Peut-on imaginer une seconde les deux grands chanteurs égyptiens, Mohamed Abdelwahab et Farid Al Atrache en venir aux mains et se battre publiquement dans un aéroport ? Non, évidemment. On ne verrait pas non plus Abdelwahab Doukali et Abdelhadi Belkhayat se disputer publiquement. De manière générale, ni Georges Brassens, ni Léo Ferré, ni Charles Trenet et encore moins Jean Ferrat ne se seraient permis de se conduire de manière vulgaire et honteuse dans un espace public. Eux, ce sont des poètes, des créateurs, des personnes de qualité inspirées par la vie, l’amour et les grandes et belles valeurs. Ces poètes ont enrichi la langue et ont rendu populaire la poésie de Louis Aragon, de Jacques Prévert et de Baudelaire.
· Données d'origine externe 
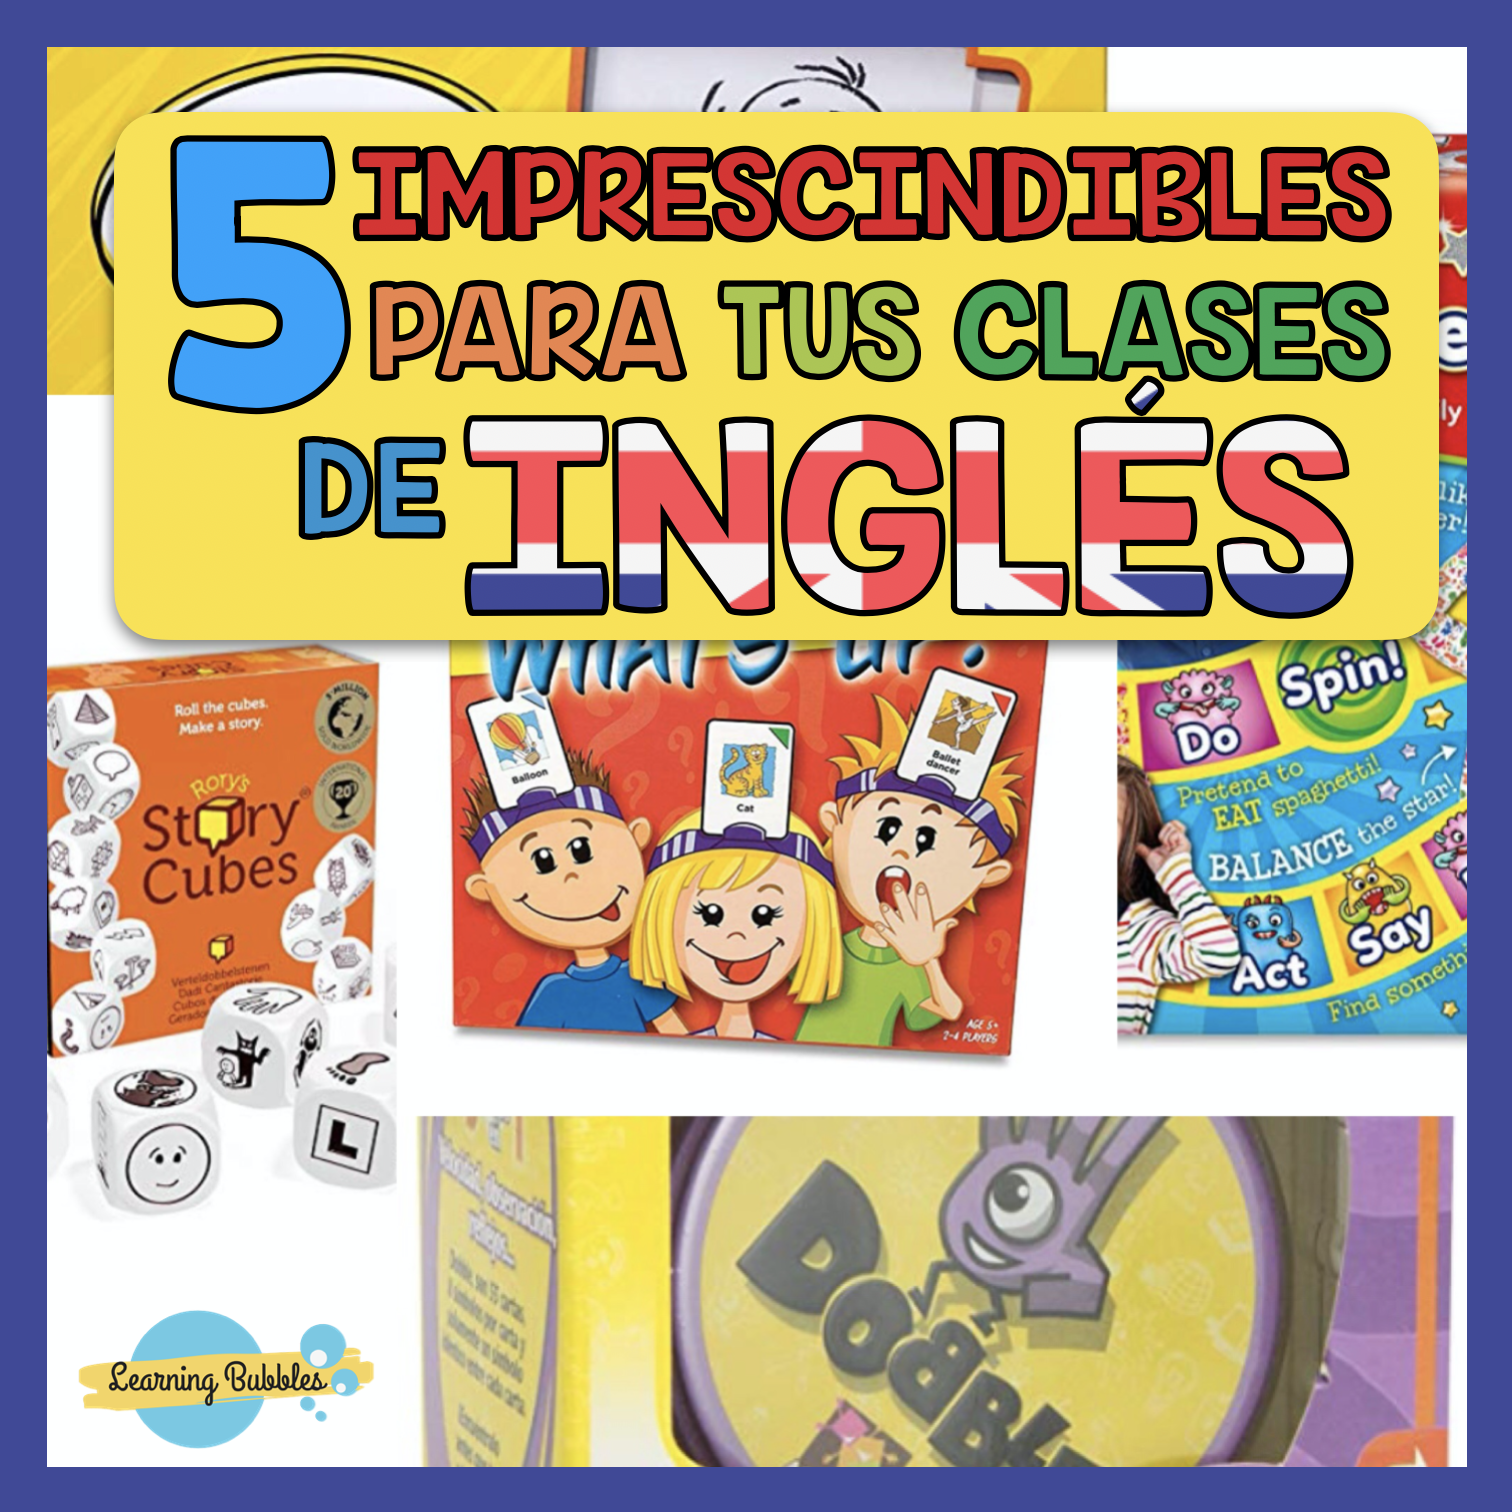 5 JUEGOS IMPRESCINDIBLES PARA TUS CLASES DE INGLÉS
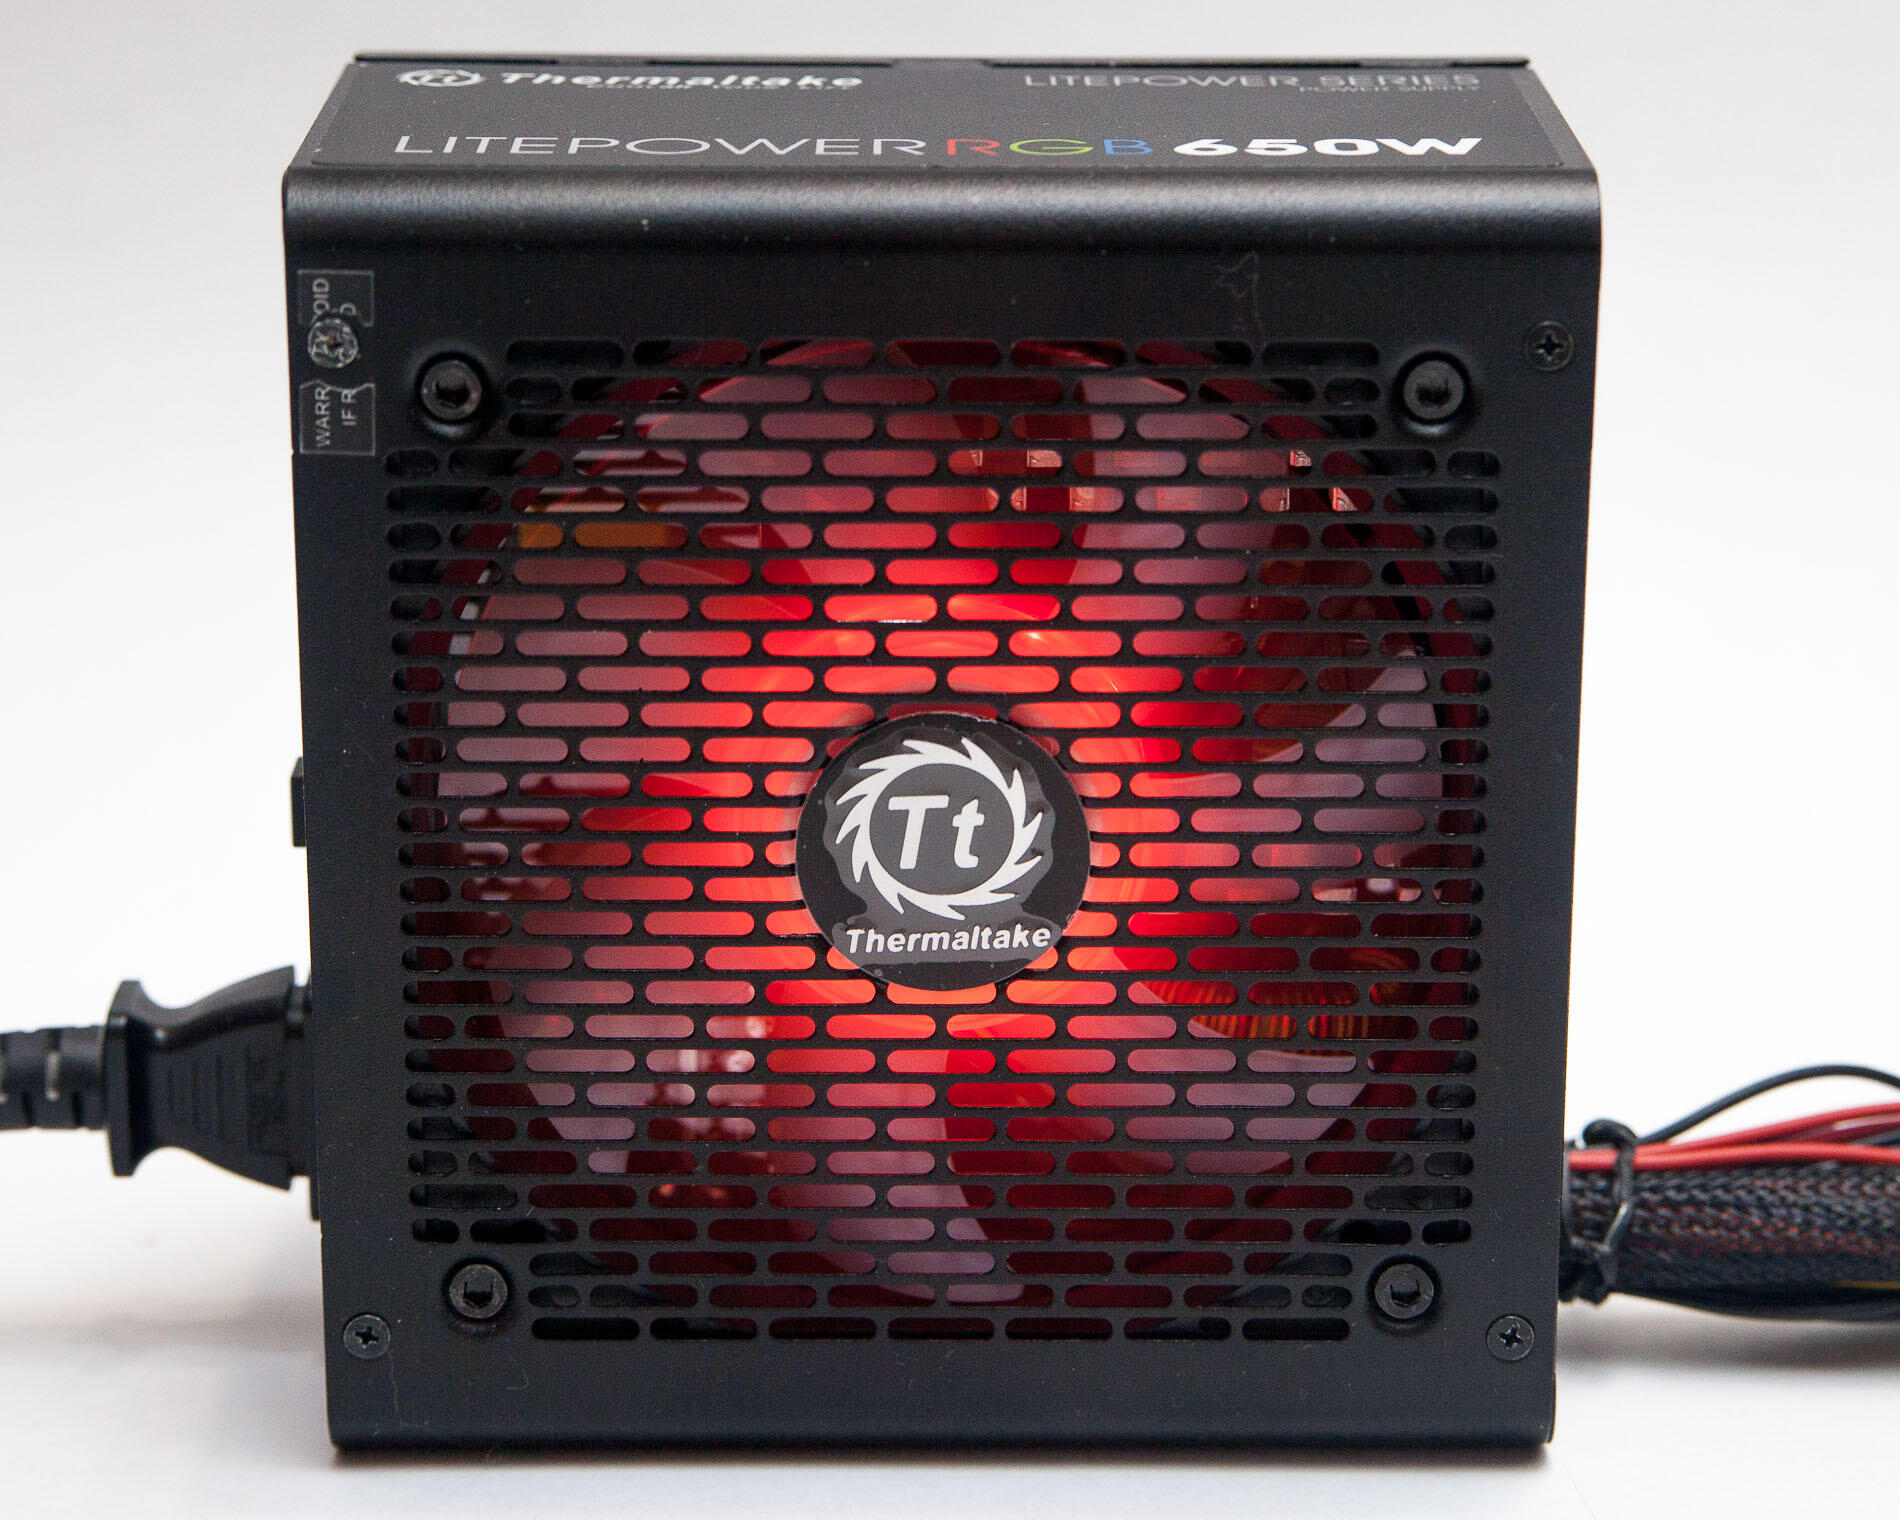 Kompyutery i komplektuyushcie - Obzor bloka pitaniya Thermaltake Litepower RGB 650W

Evidemment cela n’a strictement rien à voir avec le spectacle horrible, moche, violent et d’une incommensurable vulgarité que deux rappeurs, Booba et Kaaris, ont donné l’autre jour dans le hall de l’aéroport d’Orly-Ouest. Deux rappeurs qui portent la violence dans leurs propres chansons (si on peut appeler cela des chansons).
Aujourd’hui la poésie est ignorée, mise à l’écart et n’intéresse plus les grands éditeurs et les journaux. C’est une époque qui est en train de tuer la poésie, la vraie, la sublime. La rentabilité économique est devenue l’obsession des éditeurs. A la trappe la poésie et les poètes ! A la place, nous avons le rap. Il m’est arrivé d’écouter du rap et même d’aimer certains morceaux. Mais le rap que j’aime n’est pas celui de ces deux brutes qui se déplacent avec leurs fans et se bagarrent comme dans un mauvais film américain.
J’ai écouté «Tchoin», un clip où des créatures de rêve simulent l’acte sexuel avec force. C’est un monde à part. En vue d’oublier ce bruit saccadé j’ai écouté «L’Embellie» une sublime chanson de Jean Ferrat et pour me laver les oreilles j’ai écouté Abdel Halim Hafez chanter durant une heure le poème de Nizar Kabbani «Rissaltune tahta al ma’e».
Cette violence est hélas quasi «normale» aujourd’hui. Les émissions grand public à la télé distillent jour après jour, semaine après semaine, une médiocrité visant les sentiments les plus bas. On s’insulte, on hurle, on parle de sexe sans aucune retenue (souvenez-vous de la question que posa Thierry Ardisson à Michel Rocard, premier ministre français à l’époque : sucer, est-ce tromper ?). La décadence de la décence et de l’esprit intelligent a commencé dans ces émissions qui ont du succès parce que le public aime et réclame de la vulgarité. Cela le rassure, puisque ce sont les autres qui sont vulgaires, lui, il ne fait qu’en jouir.
La bagarre entre les deux rappeurs serait due en fait à une trahison d’amitié. Booba aurait pris sous son aile Kaaris ; mais vite ils sont devenus concurrents. Mais de là à passer aux agressions en lieu public, il y a un seuil que les fans de l’un et de l’autre ont franchi allègrement.
Booba, de son vrai nom, Elie Yaffa, est né en 1976 à Boulogne-Billancourt. Il se fait appeler «Le Duc de Boulogne». Il est considéré, si j’en crois un de mes enfants, comme «le grand rappeur français, qui dénonce le racisme». C’est aussi un homme d’affaires qui a su fructifier son image.
Kaaris est ivoirien, né à Cocody, près d’Adidjan en 1980. Il a déclaré : «quand je rappe, j’attaque tout le temps».
Les titres de leurs albums sont assez significatifs : «Criminelle League» et surtout «Kalash» (kalashnikov). Entre les deux, il y avait de l’amitié et de la solidarité. Mais il paraît que le plus jeune n’aurait pas supporté d’être sous la coupe du «Duc».
Les trahisons d’amitié sont les plus dures à encaisser. C’est une douleur qui donne beaucoup de chagrin. C’est une blessure qui peut, dans certains cas, engendrer de la violence. C’est apparemment ce qui vient de se passer dans l’aéroport d’Orly-Ouest. A présent qu’ils sont tous les deux écroués en attendant leur procès début septembre, ils auront tout le temps de penser à ce que Montaigne appelle «La soudure fraternelle», c’est-à-dire ce que doit être une amitié véritable.